How will it work? John outlines it this way: “CI 365 is accessed through an intuitive, searchable portal and real-time service packages based on simple subscription models. Our new cloud-based analytics solution will change the way companies acquire mobile consumer intelligence, which is only possible using SAP HANA. This will allow brands to have a much more engaging relationship with their customers through timely marketing campaigns that are relevant to consumer’s interests, lifestyles – and where they are located. Different regions have very different characteristics, and this ability to deliver more local insights is critical.”

As we all know, brands, market research and media companies for the most part still work with traditional methods of monitoring and measuring the changing behaviors of consumers – even as they are brought about by ever more powerful smart, connected devices. These include of course surveys, polling and purchasing research that captures and analyzes consumer data and market trends. As we noted earlier on, because the pace of technology and its use by consumers changes so quickly, such traditional-based information tends to be dated by the time the research is completed and analyzed – which in itself is an agonizingly slow process.

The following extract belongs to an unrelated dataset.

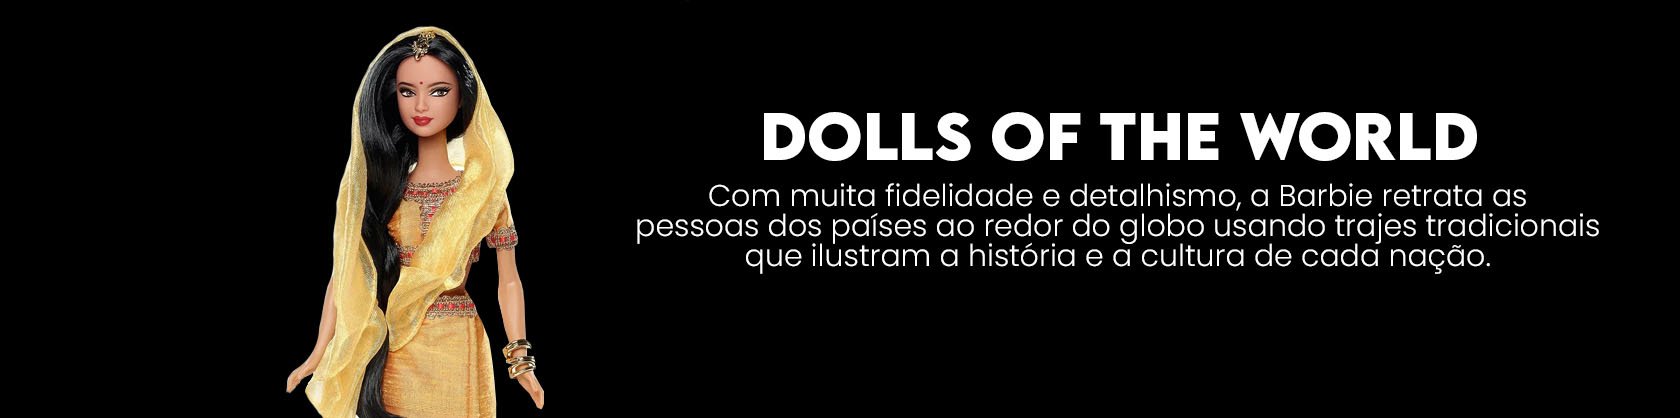 Dolls of The World 
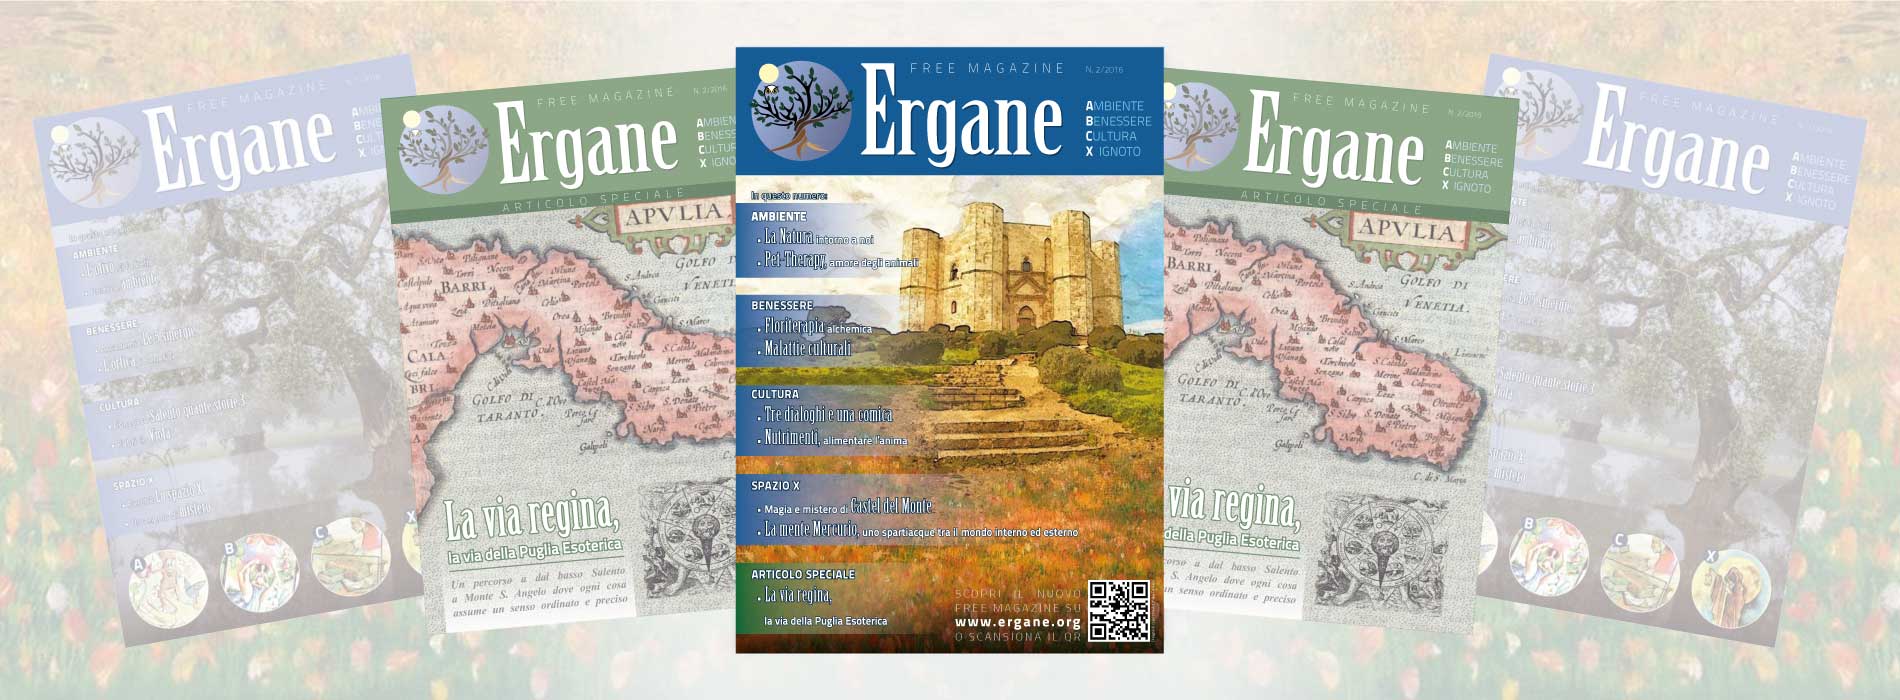 Ergane free magazine

CI 365 changes all of this. By moving to a state-of-the-art, 21st century big data model, brands gain huge insights that will – or at least should – lead to greatly improved customer engagement and ultimately to that magical holy grail of enhanced brand loyalty – and the always hoped for “brand recommendations” from existing customers to their colleagues, friends and relatives – for most businesses this is bigger that Fort Knox gold.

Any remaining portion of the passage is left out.